Karl Andree has served the twelve months in a Saudi prison and now faces
the likelihood of regular public humiliation and pain as the 360 lashes are
imposed. He is in poor health and is
unlikely to survive this barbarous punishment for something that in almost
every other country in world wouldn’t have been considered to be a crime at
all!
Those 360
lashes, administered in public have stirred our Government into action. No there won’t be any sanctions against Saudi Arabia , nor British warships in the Red Sea . But
David Cameron, our Prime Minister has written a letter to the King of Saudi
Arabia pleading for clemency! According
to the Daily Mail our Foreign
Minister is quite convinced that Mr Andree will be spared the public flogging –
well, we’ll wait and see.
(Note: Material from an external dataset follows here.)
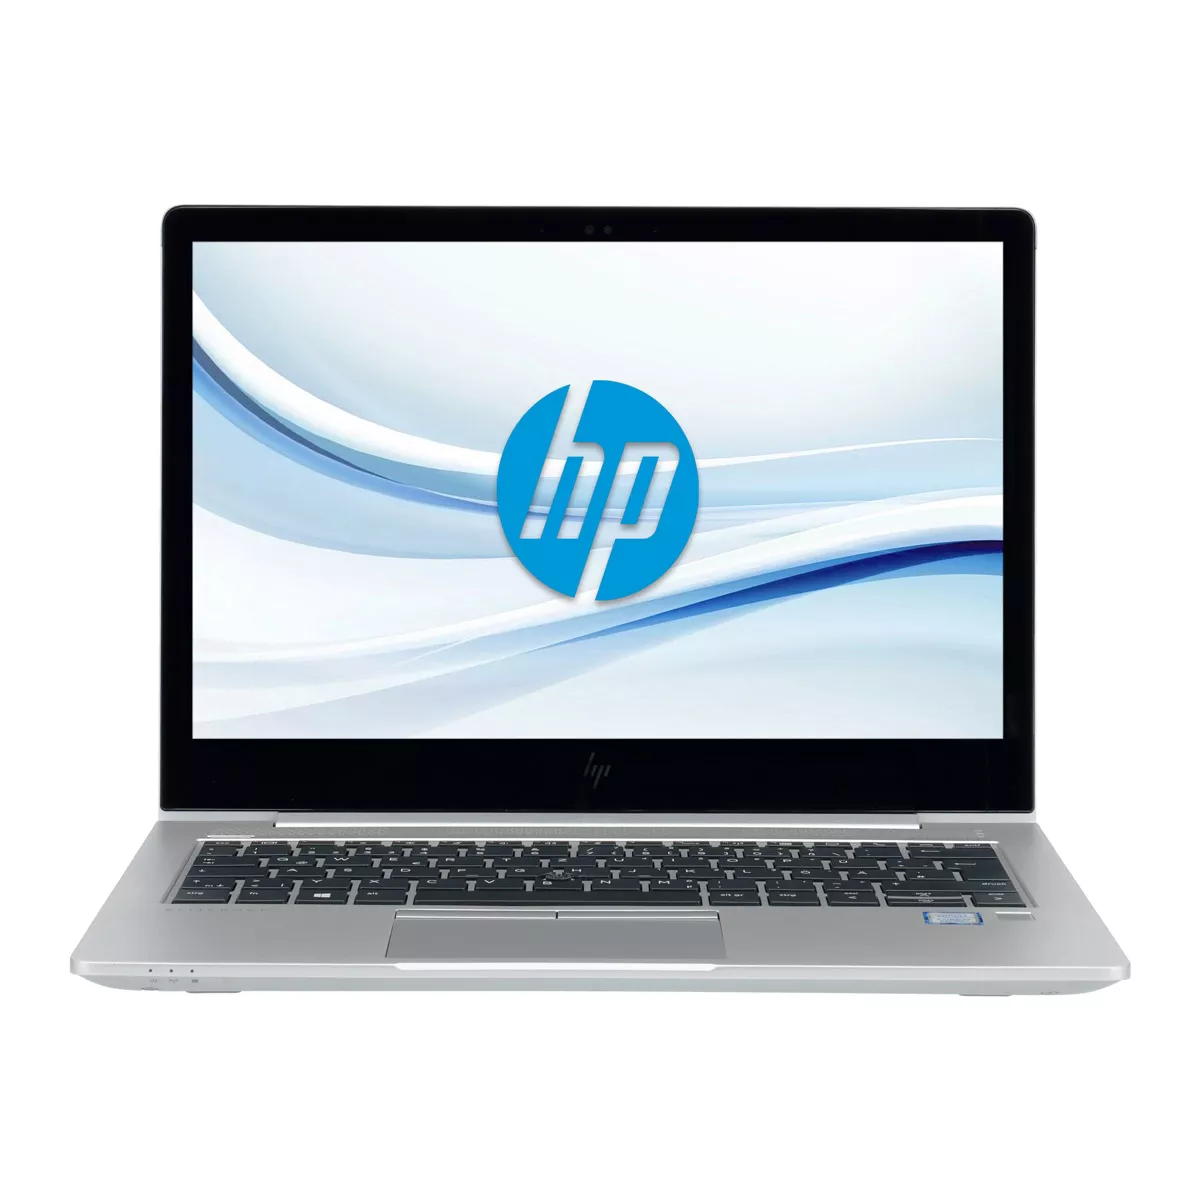 HP EliteBook 830 G5 Core i7 8550U 32 GB 500 GB M.2 nVME SSD Touch Webcam B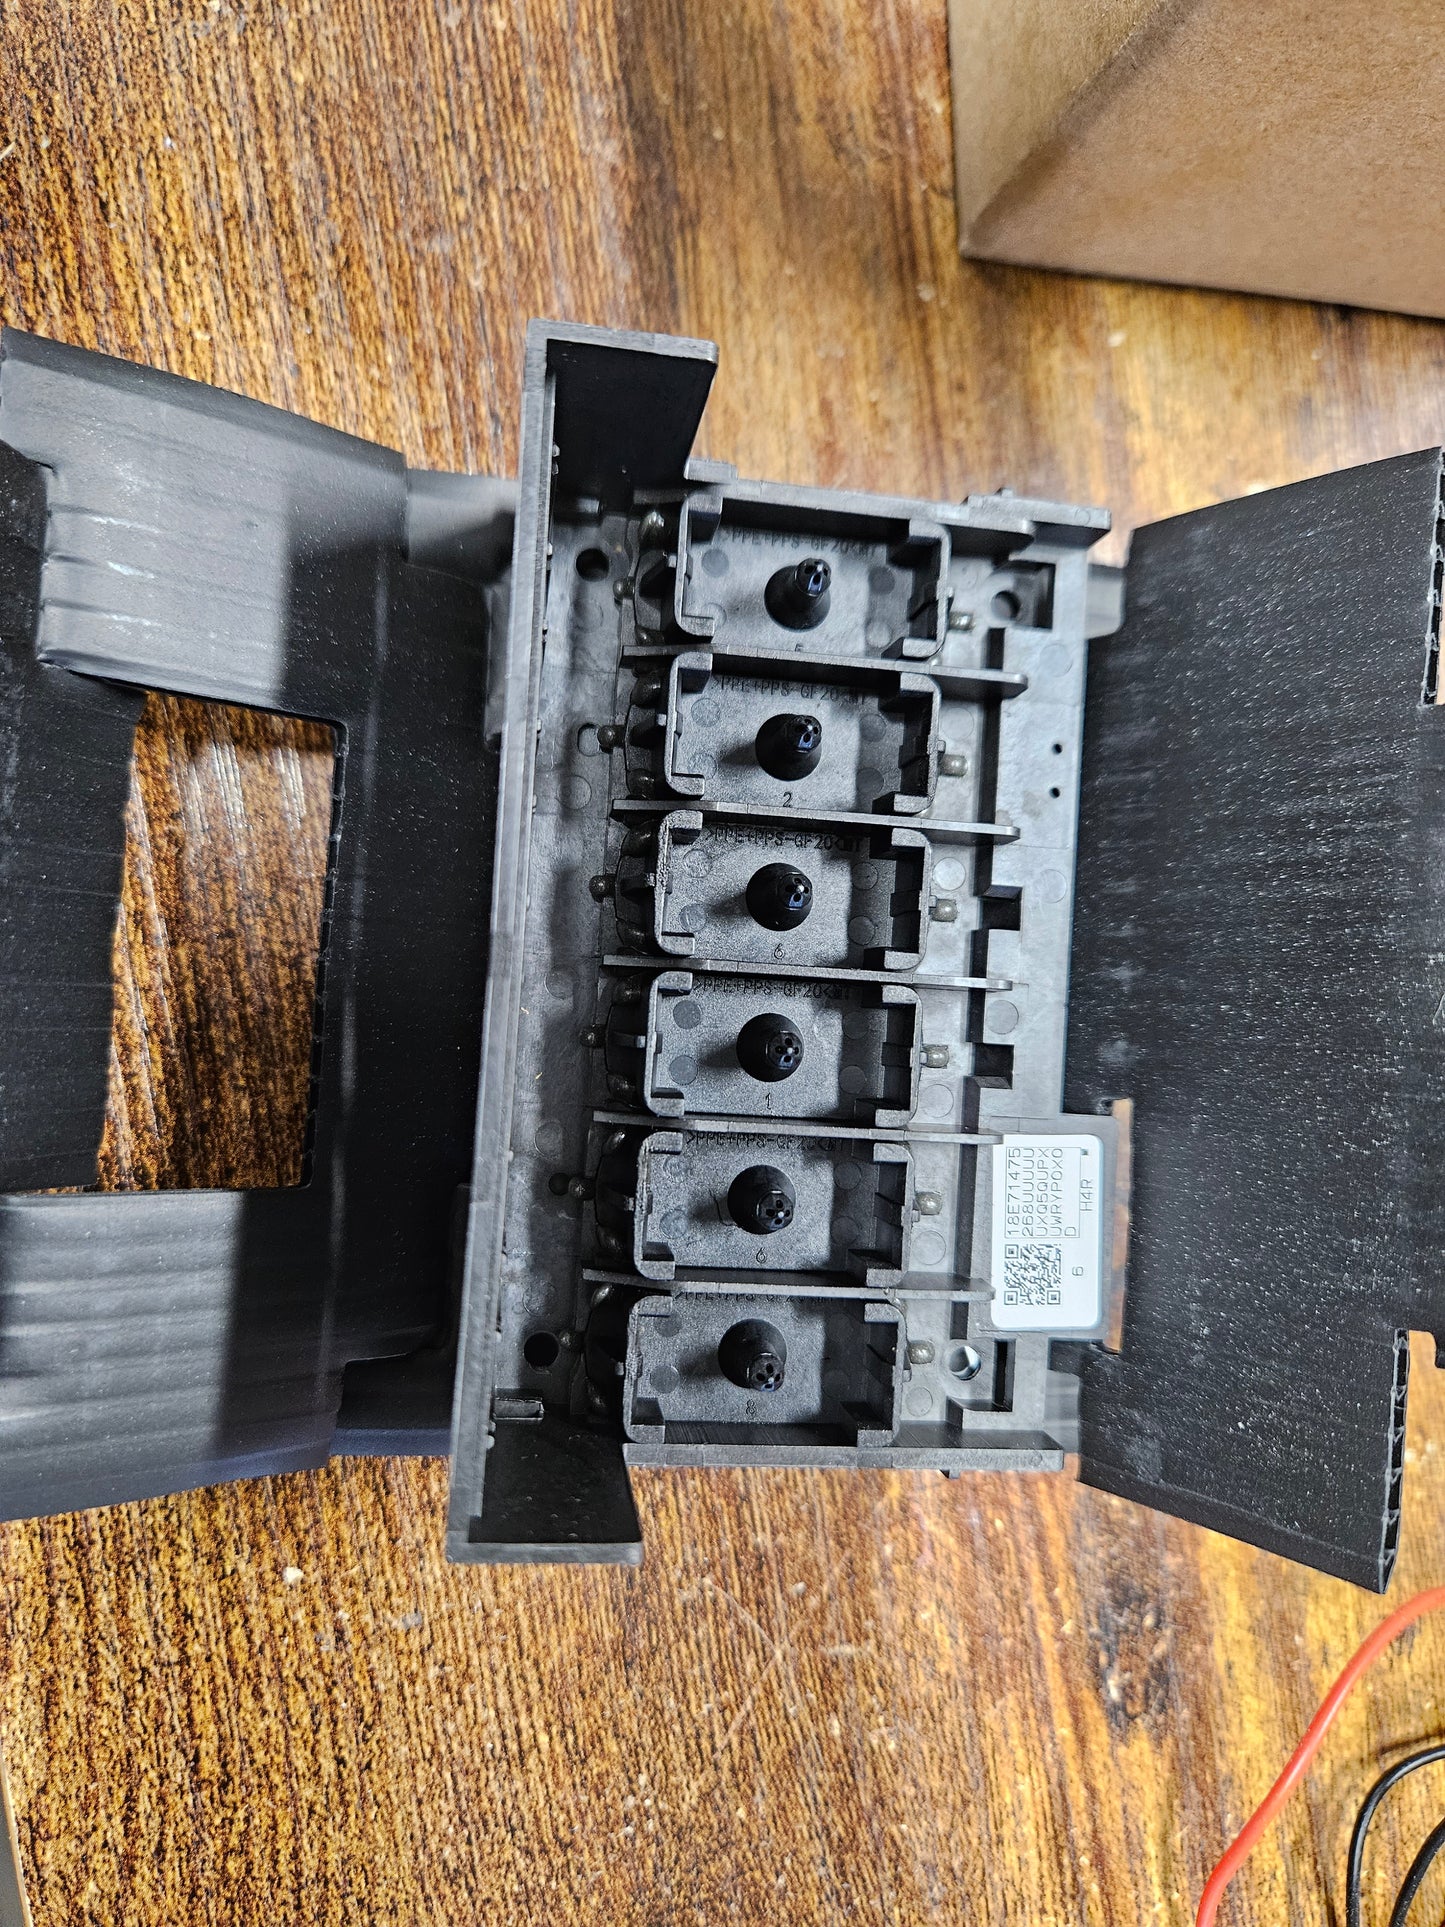 Replacement Epson xp600 printhead fits refine color printers

I hope he
won’t be expected to write a letter of thanks to the King of Saudi Arabia –
or to Mr Cameron! Oh – a final
touch: Saudi Arabia now has a
representative on the United Nations Committee for Human Rights!
Now China is being added to the list of
‘untouchables’ - we mustn’t upset the Chinese because they’ll control all our
nuclear energy! Goodness knows what other shares in Britain ’s vital services are held
by the Chinese or other foreigners. The self-satisfied. mendacious, self-seeking
hypocrites that we (not me personally!) have elected to rule us, have sold off
the UK ’s
independence piece by piece. And they have the impudence and effrontery to
denigrate Jeremy Corbyn as ‘anti-British’!
One
of the few compensations for being very, very old, is that I won’t for long
have to live in the uncaring, cruel, selfish and greedy world into which David
Cameron and George Osborne are leading us.